Pewett (1786 - after 1812) was a British Thoroughbred racehorse and broodmare best known for winning the classic St Leger Stakes in 1789. Her name was spelled in various ways including Pewet, Pewit and Pewitt and would appear to be a reference to the northern lapwing. In a racing career which lasted from May 1789 and May 1792 she won four of her thirteen races. In the St Leger she finished second to a colt named Zanga, but was awarded the race when the winner was disqualified for causing interference. After her retirement from racing she became a successful broodmare whose descendants won many important races throughout the nineteenth and twentieth centuries.

==Background==
Pewett was a bay mare bred by her owner William Fitzwilliam, 4th Earl Fitzwilliam. She was the third of eleven foals produced by Termagant, a mare bred by Lord Rockingham. Her sire Tandem was prevented from racing by injury but proved a reasonably successful stallion when based at Richard Tattersall's stud at Highflyer Hall. Apart from Pewett, his most notable offspring was The Yellow Filly, winner of the Oaks Stakes in 1786.

==Racing career==

===1789: three-year-old season===
"Pewet" made her racecourse debut on 5 May at Malton when she started favourite for a sweepstakes over one and a half miles and won from the colts Bolus and Telescope. The filly did not reappear until 22 September when she was one of six three-year-olds to contest the St Leger over two miles at Doncaster Racecourse. Ridden by William Wilson she finished second to the Duke of Hamilton's black colt by Laurel (later named Zanga), but was awarded the victory when the judge's decided that the colt's jockey had been guilty of "jostling". On her only other start of the season she returned to Malton on 13 October and finished second to Lord Archibald Hamilton's bay colt by Highflyer (later named Walnut).

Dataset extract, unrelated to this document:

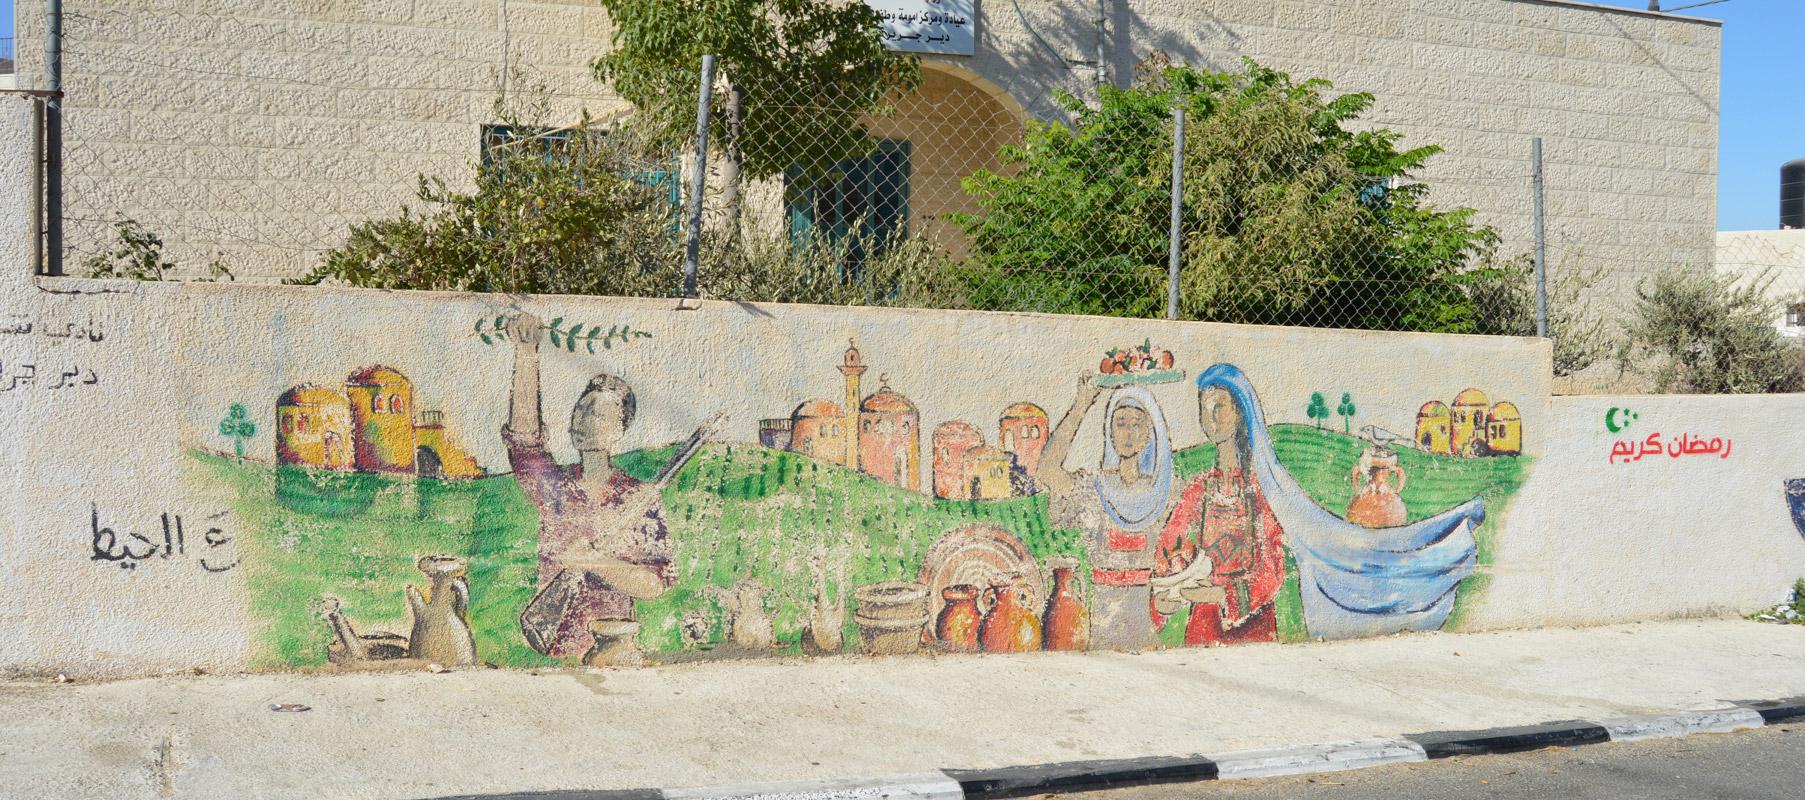 deir jarir palestine
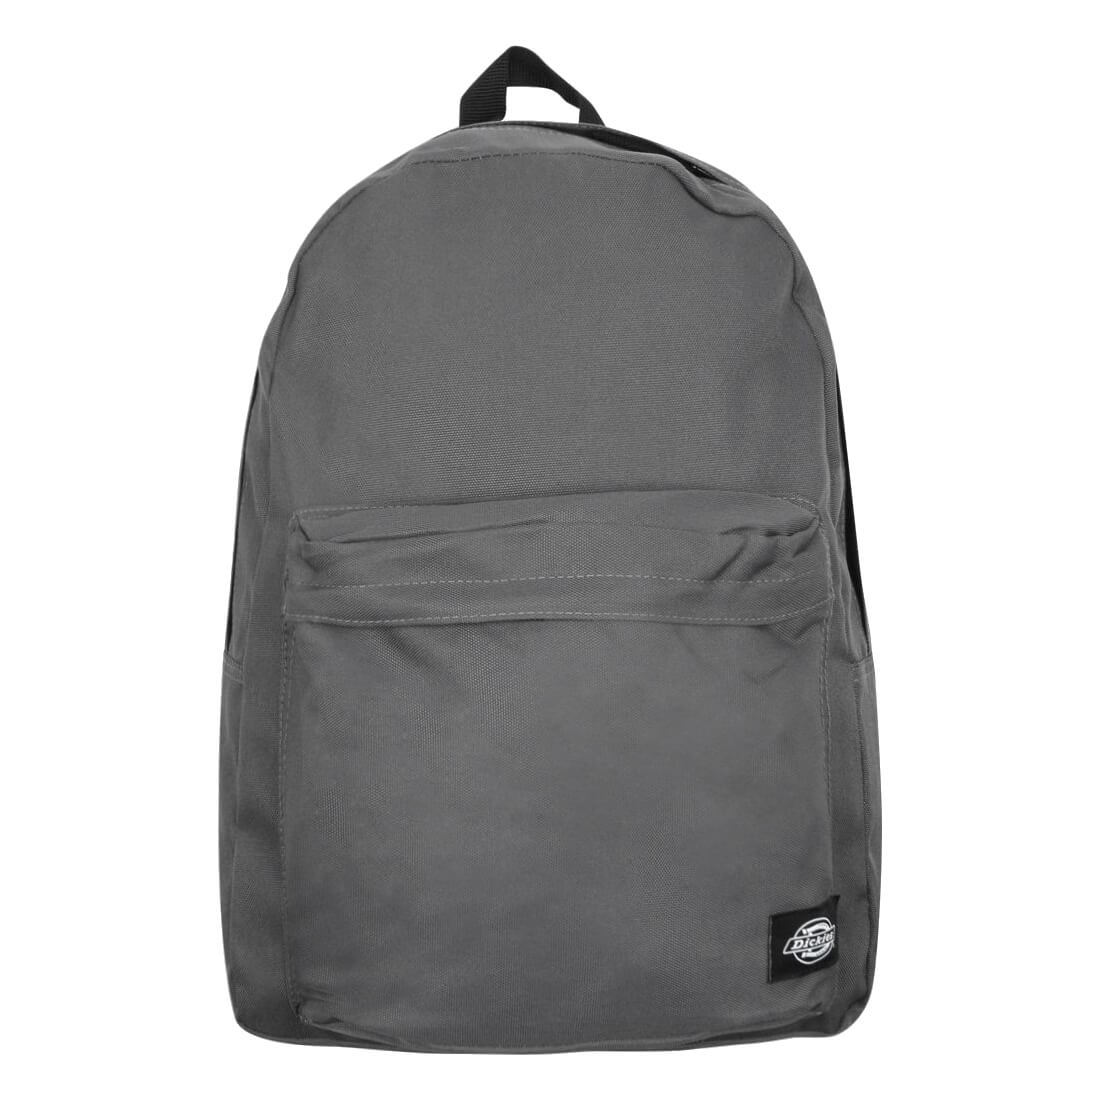 Рюкзак DICKIES Indianapolis (Charcoal Grey)

===1790: four-year-old season===
In 1790, Pewett again began her season at Malton in May, when she started favourite for a four-mile sweepstakes and won from five opponents. Six days later at York she finished second Lord Archibald Hamilton's five-year-old horse Scorpion in a race over two miles. At the next York meeting in August she met Walnut for the second time in a four-mile subscription race and again finished runner-up to the colt. In September the filly ran at Lincoln Racecourse in a King's Plate for fillies and mares run in a series of two-mile heats, with the prize going to the first horse to win twice. She finished third in the first heat and second in the next two as the event was won by Sir F. Poole's Jemima. Later that month she returned to the scene of her classic success when she ran a match race over two miles against Bywell. Pewett was opposed in the betting but won the match to claim a prize of 200 guineas.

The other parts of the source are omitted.